The upside to today is that regardless of the outcome, the ads will stop for now at least. It appears that there will be a fairly dramatic swing of the pendulum with this cycle and the Republicans will gain control of the Senate.
Ah, midterm elections. Where no one shows up even though almost as much is at stake.
Anyhow...as you can probably imagine, there are a lot of things pissing me off right now. Off we go.
All the election bullshit
So many things, you guys. SO MANY THINGS.
I hate Citizens United with a deep and burning passion. It is, without question, one of the worst Supreme Court decisions ever handed down and we are living the consequences of it as I type this. Over 4 billion dollars was spent on campaign ads this year. 4 BILLION.
Most of that wasn't from individual donors or the candidates themselves. Noooo.
It was bankrolled by corporate entities, by the super PACs that are allowed to funnel as much money as they want into campaigns these days, thanks to the dumbest SCOTUS decision ever. Suuuuuure, it's not manipulative. Suuuuuure, it's not an unfair advantage. Suuuuuure it isn't skewing our system of government.
And if you believe that....
It's not all that pisses me off, though. The amount of money, while absolutely insane just on the merits is one thing, but the ads it all went to pay for is worse. How much truth was actually in any of those commercials? How much was spun? How much was an outright lie?
Oh, we don't have to worry about accuracy...we just make the most offensive ads against the other person running and it's all good. We scare the shit out of the American people because let's face it....fear works.
In case you don't believe that, I have one word for you. Ebola.
Speaking of Ebola...
There were some projections that came out this past week about the epidemic as it pertains to the spread here in the US. I use the world epidemic because that's what everyone is so accustomed to, but really there is no epidemic taking place within our borders. A handful of cases and one death does not an epidemic make....but don't listen to me....I just have a background in public health and epidemiology.

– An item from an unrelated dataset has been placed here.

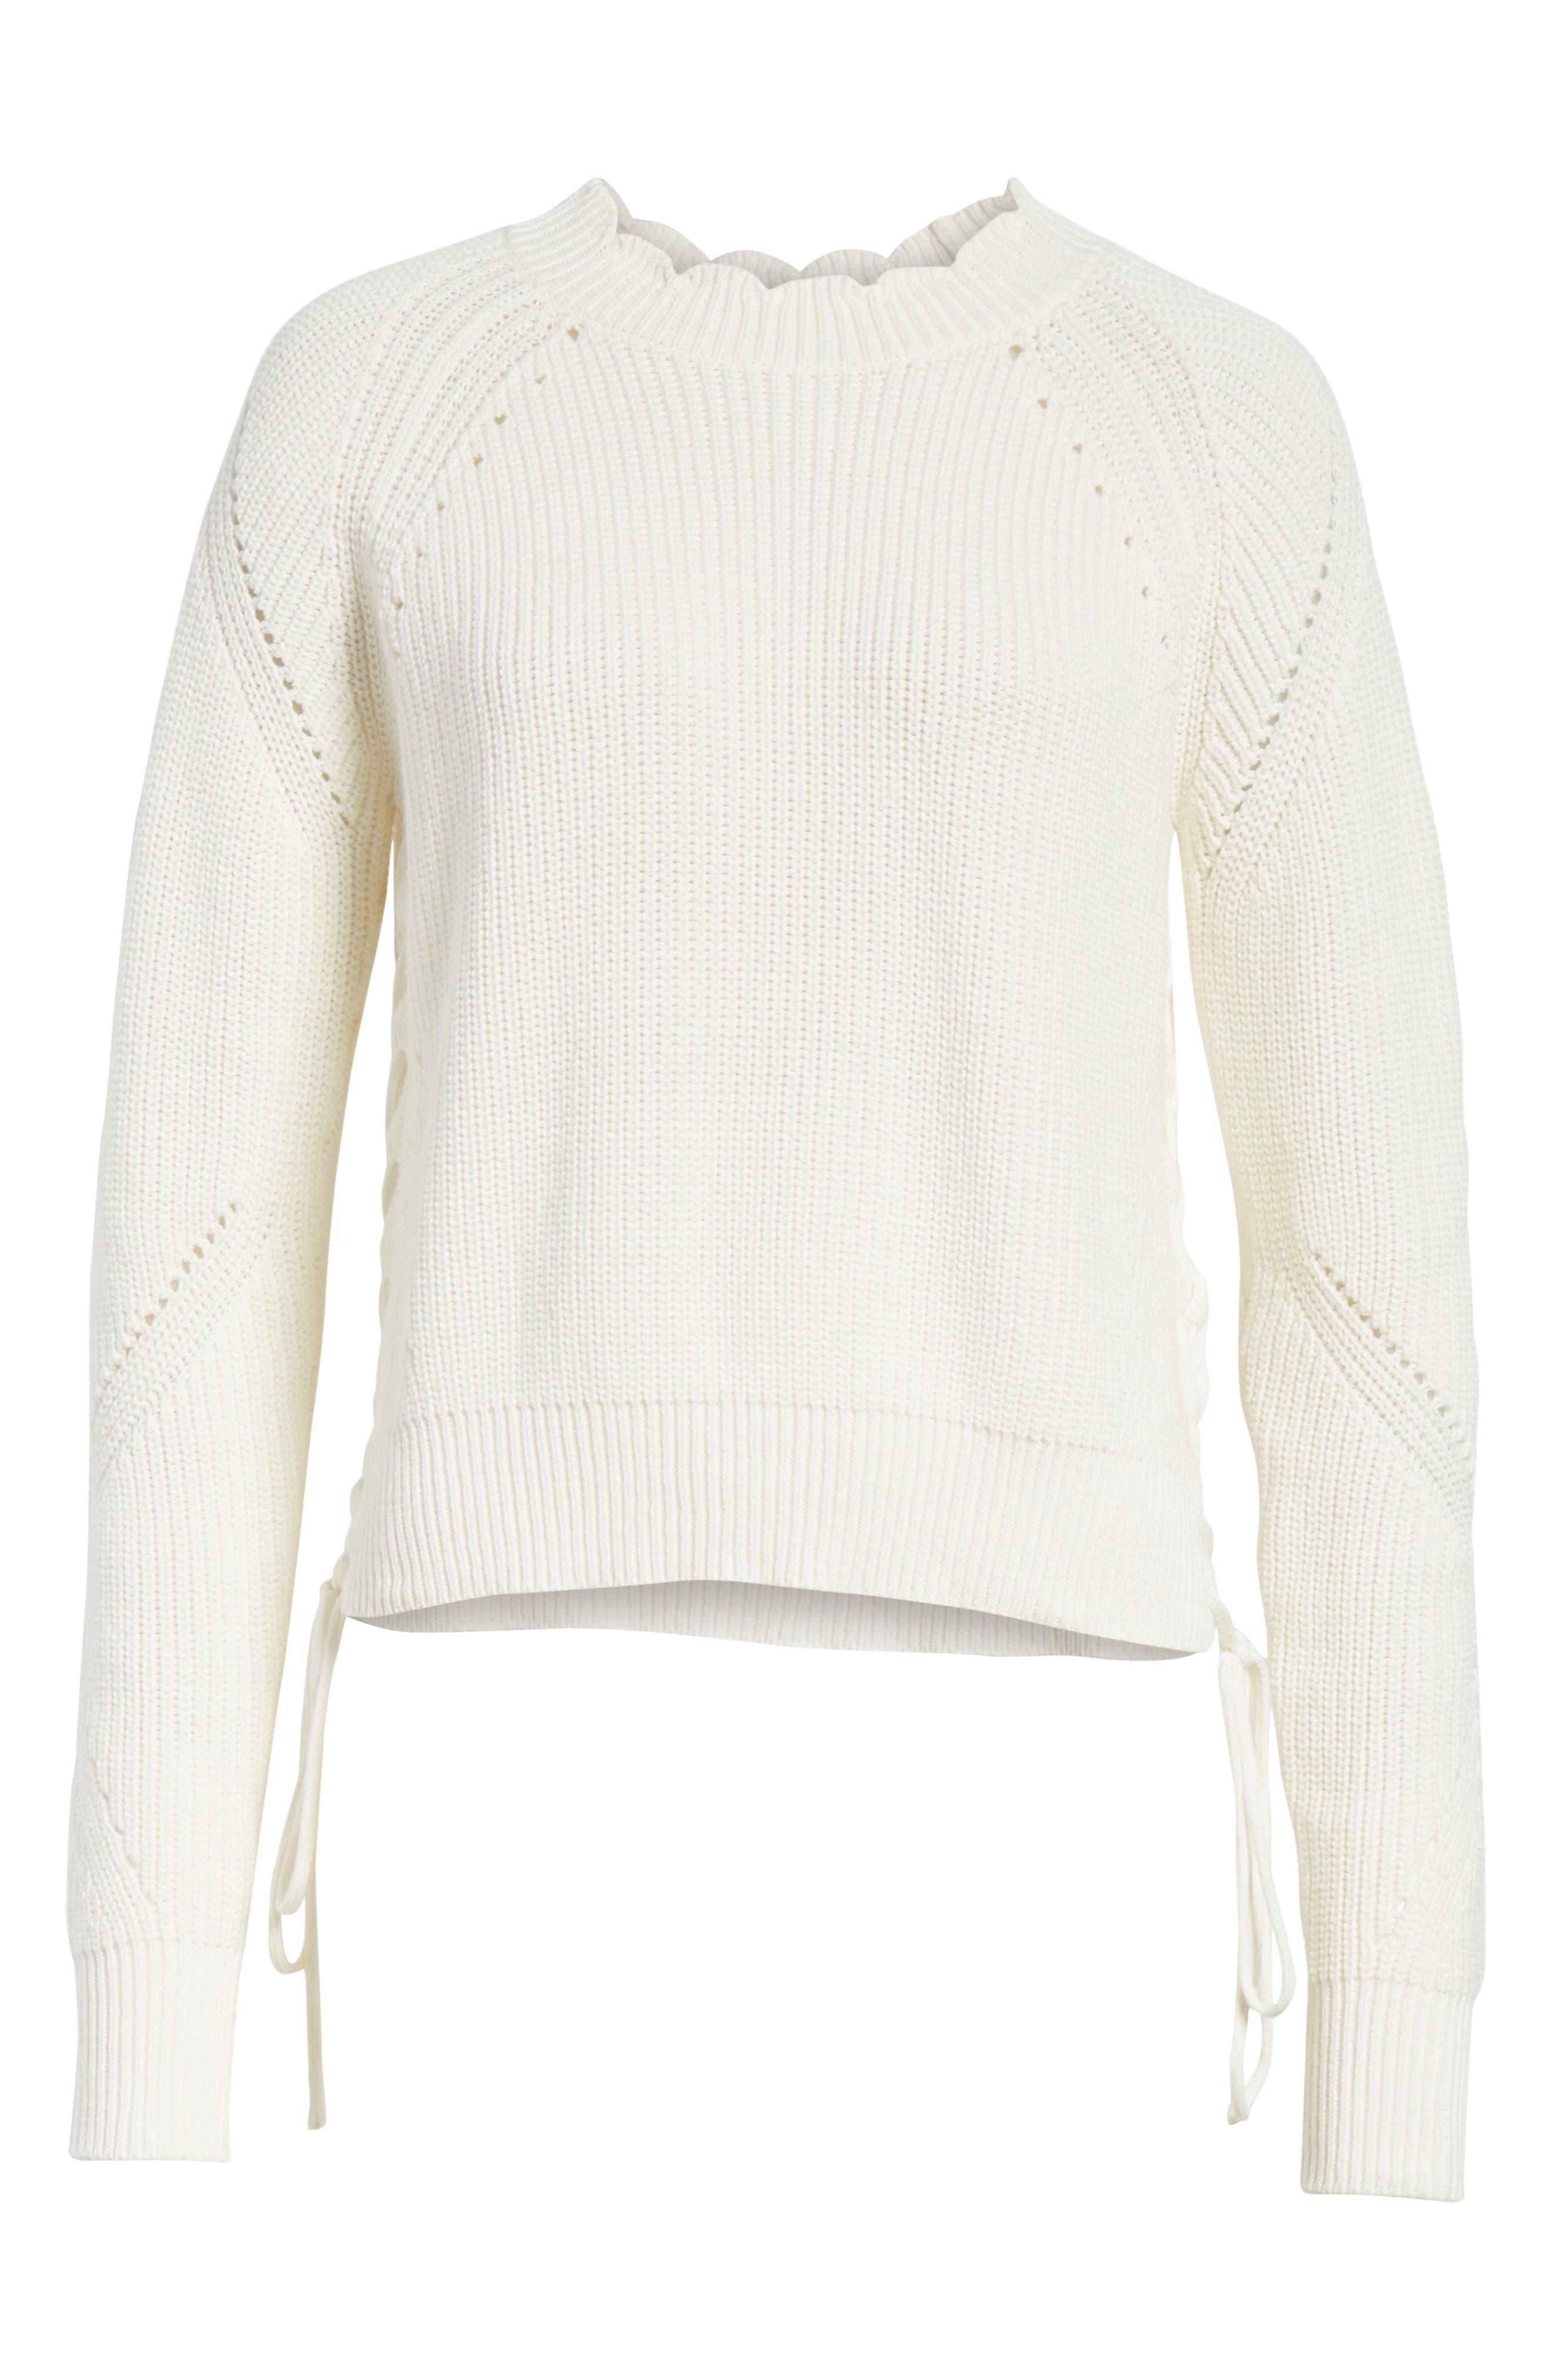 Adanya Sweater,                             Alternate thumbnail 6, color,                             Porcelain

Ready for the projections???
Worst case scenario, they're estimating that we will see up to 130 cases by the end of the year.
130. Not 130,000. 130. That's it.
They're saying that every major city will probably see at least one patient, and that person will most likely be returning from a trip to the areas of the world where there is an actual outbreak. You know, the three countries in Africa that haven't stopped the spread yet.

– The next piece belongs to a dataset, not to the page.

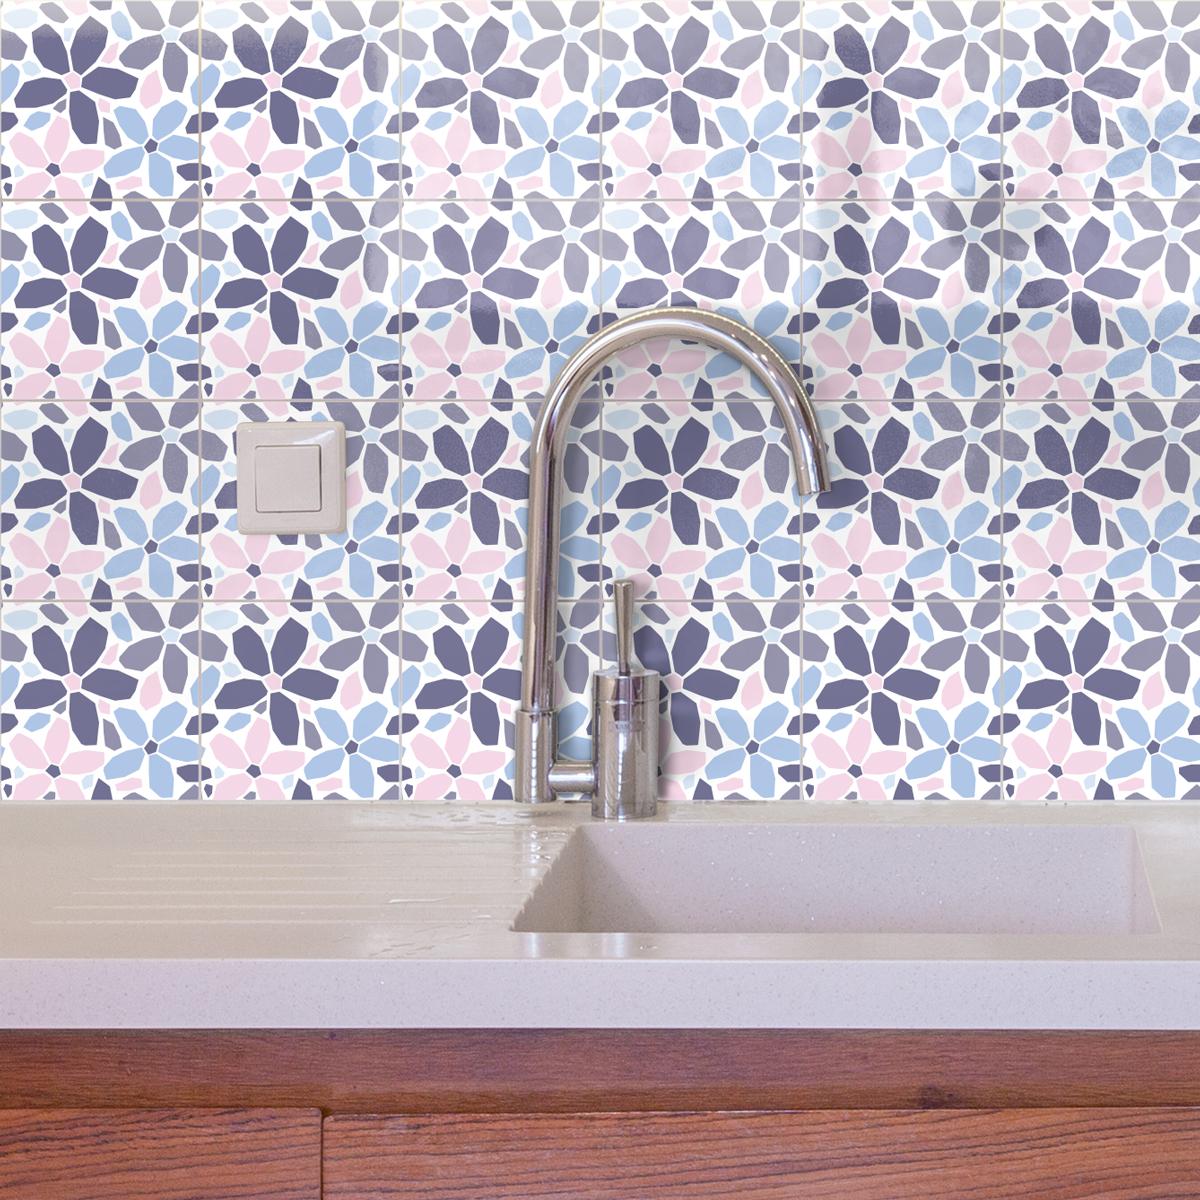 24 stickers carrelages azulejos ornements raffin art et design artistiques ambiance sticker. Black Bedroom Furniture Sets. Home Design Ideas

As opposed to all the rest of Africa, where Ebola isn't even an issue. The geographically challenged Americans and their ignorance here trumps facts so often that there are people freaking out about anyone who has traveled to any part of Africa. Truly, these are facepalm moments that make us look like idiots to the rest of the world.
Since we're talking about Ebola...
We should probably talk about Kaci Hickox too. By now, most people know at least who she is. She's the nurse that returned from working with Doctors Without Borders and was stopped at the airport in New Jersey, placed in isolation because they thought she had a fever that she didn't actually have. She was then released to go home to Maine where everyone proceeded to freak out that she had Ebola, which she doesn't actually have.
Are you seeing a theme here?
The Governor went to fairly extreme measures to try and force a quarantine on her for the full 21 days that she could potentially be symptom free and carrying the disease. It didn't work. Why???
Well, the court refused to force her into quarantine because she's not sick.
Even if she has Ebola, which is looking less and less likely with each passing day, she isn't contagious until she starts to show symptoms. Which she isn't.
Everyone, calm down. Good lord.
Are we really willing to force people into isolation for three weeks at a time just because there is a possibility that they might have been exposed to something?
Maybe this is just the constitutional law scholar in me, but that's more than a little bit frightening. You see, my background is one in both legal rights and public health.
I can totally get behind the isolation of patients with communicable diseases for the greater good of society, but I'm not about to begin advocating for quarantines of people who aren't sick. That's a very slippery slope my friends, a huge intrusion on personal freedoms and not grounded in any scientific reasoning at all.
Which is why the judge said no.
Go ahead and yell at me if you want, but if we begin to allow irrational fear to police our society, we're opening a can of worms that no one wants to open.
The right to die
Brittany Maynard took a lethal dose of barbiturates this weekend as she planned to do, resulting in her death. In the days since, it seems that everyone has formed an opinion about this, made some kind of judgement call about whether what she did was morally right or wrong, mused about the culpability of her physicians, wondered about the emotional well being of her family and friends.
I've seen more than a few people say that what she did was commit suicide, usually people upset with her because they have personal history with the suicide of a loved one. Her choice had nothing to do with anyone but her. She was surrounded by her closest friends and family.
Her loss is a tragic one, regardless of the mechanism of her death, but it was a certainty. She was going to die. Period. This way her suffering was limited, the suffering that her loved ones were forced to witness was limited. In the last statements she issued, which I fully encourage people criticizing her to read, she says point blank that this wasn't really suicide. The cancer was what was killing her.
I sincerely hope that her message is spread and that more states will write laws allowing people in her position to make the choice she made.
I also sincerely hope that those critical of her decisions will respect that they were hers to make.